Exercise data:
════════

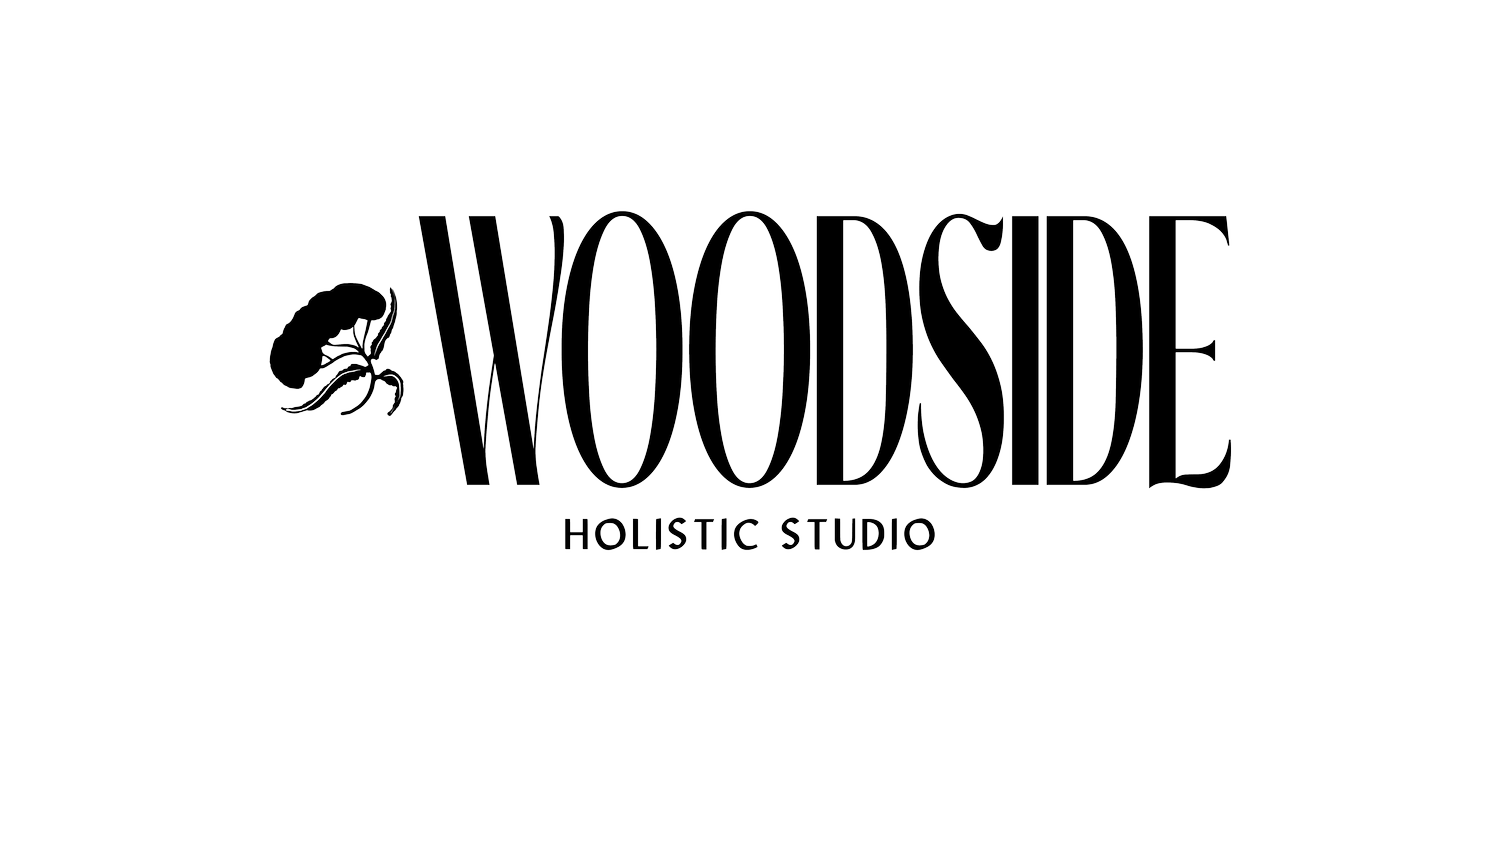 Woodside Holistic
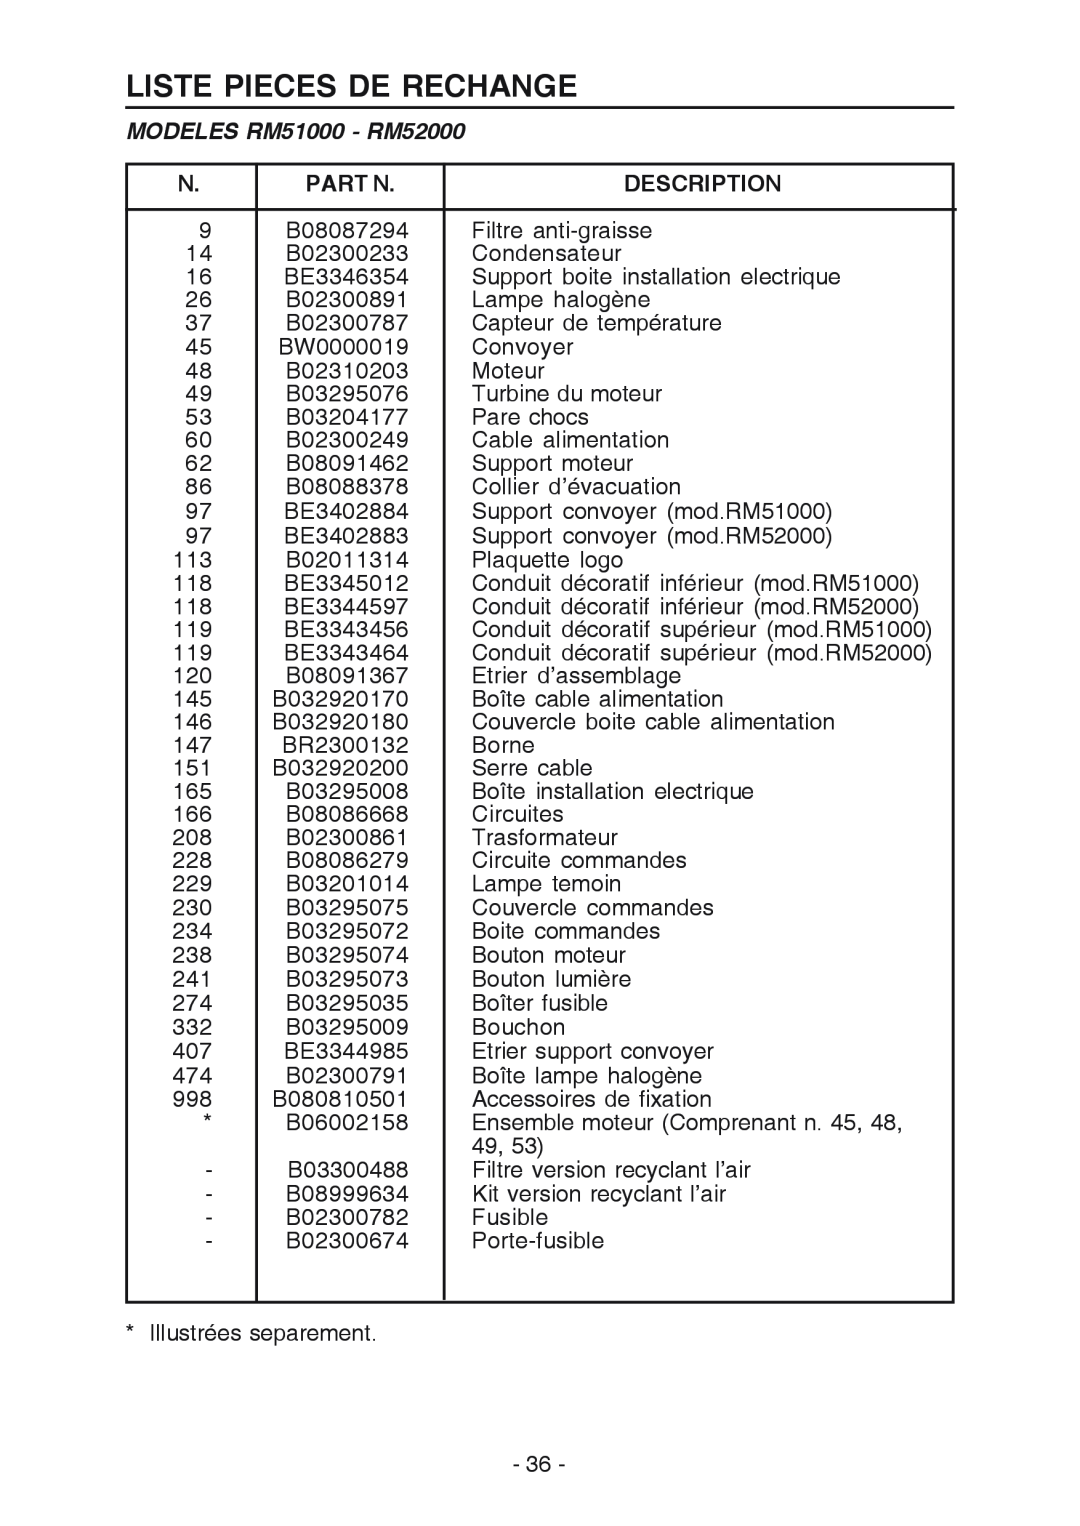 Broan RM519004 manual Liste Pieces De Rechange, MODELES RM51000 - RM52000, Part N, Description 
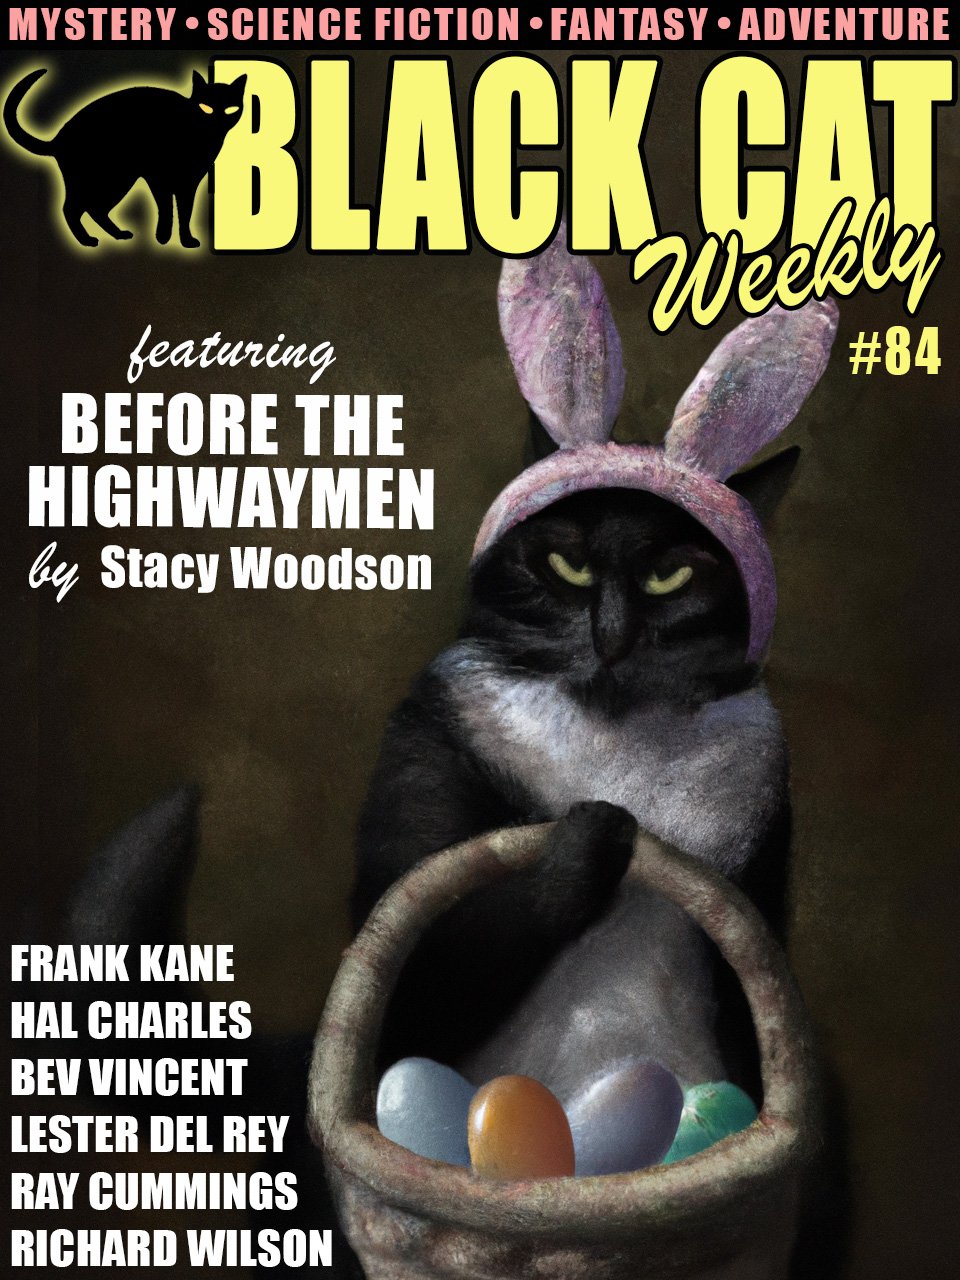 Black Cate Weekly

════════

Problem to solve: Print the listing word for word, but omit the pictures.

Reply:
 Woodside Holistic
 Broan RM519004 manual Liste Pieces De Rechange, MODELES RM51000 - RM52000, Part N, Description 
 Black Cate Weekly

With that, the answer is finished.